We recently discovered that Betz cells of sporadic ALS, familial ALS and ALS-Frontotemporal Dementia patients display massive apical dendrite degeneration [1, 9, 100], and this cellular pathology is shared among species and observed in CSMN of numerous well characterized mouse models of ALS, such as hSOD1G93A [47, 48, 70], TDP-43A315T [51, 52, 80, 83], hPFN1G118V [54], and AlsinKO mice [53]. Therefore, identification of a treatment strategy that improves cytoarchitectural integrity, apical dendrite stability and eliminate spine loss would be translational. In addition, investigation of CSMN’s requirements for survival and improved health is of great importance, as this information is clinically relevant, and has the potential to exponentially improve the success rates of future clinical trials of motor neuron diseases in which upper motor neurons and the motor neuron circuitry are affected.

UCHL1 protein fused to the protein transduction domain of HIV-transactivating transduction protein (TAT-UCHL1) can transduce neurons after intraperitoneal (i.p.) injection into mice [101]. In a controlled cortical impact (CCI) injury model of post-traumatic brain injury, TAT-UCHL1 treatment improved function of the ubiquitin-proteasome pathway, decreased activation of autophagy after CCI, attenuated axonal injury and increased hippocampal neuronal survival after CCI [101]. During hypoxic injury, whereas pharmacologic inhibition of UCHL1 function exacerbates neuronal death induced by hypoxia, TAT-UCHL1 treatment provides neuroprotection [102]. In a mouse model of AD, TAT-UCHL1 restored synaptic function in hippocampal slices after oligomeric Aβ treatment, and improved retention of contextual learning in APP/PS1 mice upon i.p. injection [103]. Moreover, Aβ induced impairment of neurotrophin-mediated retrograde signaling can be rescued by increasing cellular UCHL1 levels upon TAT-UCHL1 treatment [104]. These, in combination with our UCHL1 rescue data using AAV-mediated gene delivery of UCHL1 directly to CSMN suggest that UCHL1 could potentially be a therapeutic agent for treatment of not only a wide variety of neurodegenerative diseases, but also other injuries such as TBI, hypoxia, and cerebral ischemia.

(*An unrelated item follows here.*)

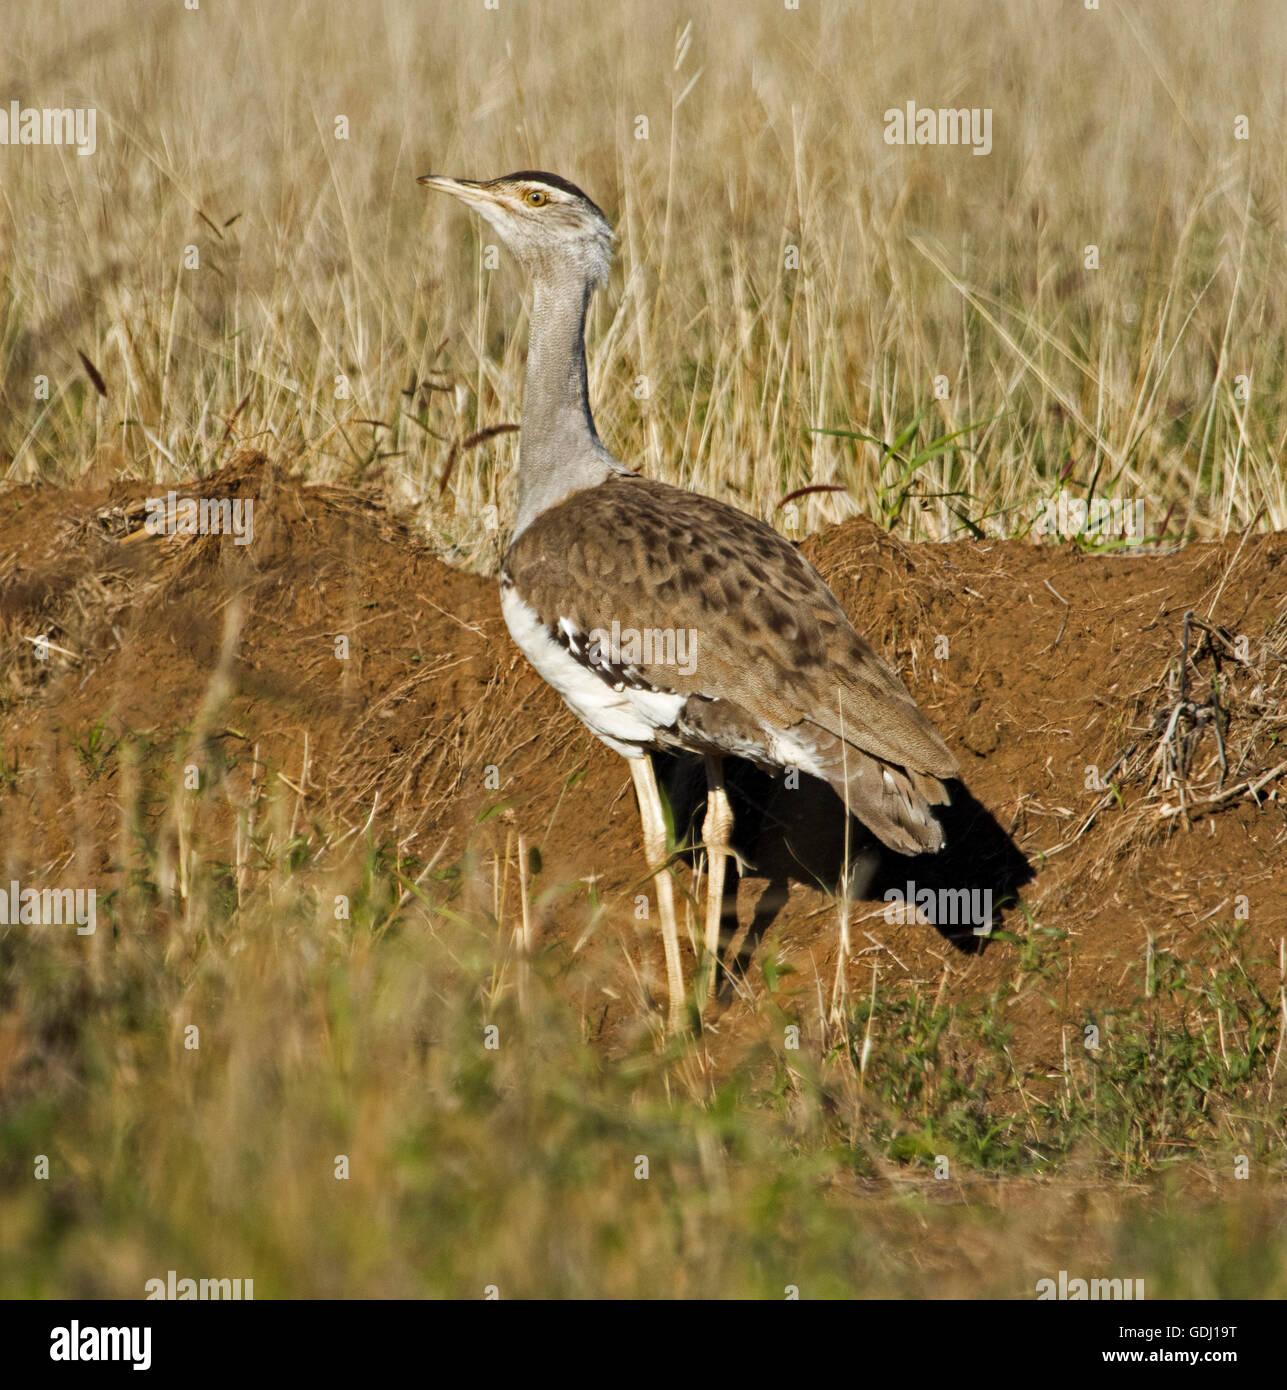 Australian bustard / plains Turquie Ardeotis australis, grand oiseau brun avec expression hautaine sur les prairies Photo Stock

Taken together, our results reveal that CSMN degeneration occurs independently of SMN health. UMNs, which play a pivotal role for the initiation and modulation of movement, are indeed cellular targets for therapeutic interventions. We also report UCHL1 as a potential candidate for gene therapy approaches, especially for diseased UMNs. Because UMNs in mice and UMNs in patients share the same underlying pathologies, building evidence suggests that improving the integrity and stability of UMNs at a cellular level will offer a therapeutic benefit for the motor neuron circuitry that degenerates in patients. Since mutant SOD1 toxicity and especially TDP-43 pathology are observed in a wide spectrum of ALS patients, our results suggest that directed gene delivery of UCHL1 to diseased UMNs could offer a novel therapeutic intervention strategy for a broad spectrum of diseases, such as ALS, HSP, and PLS.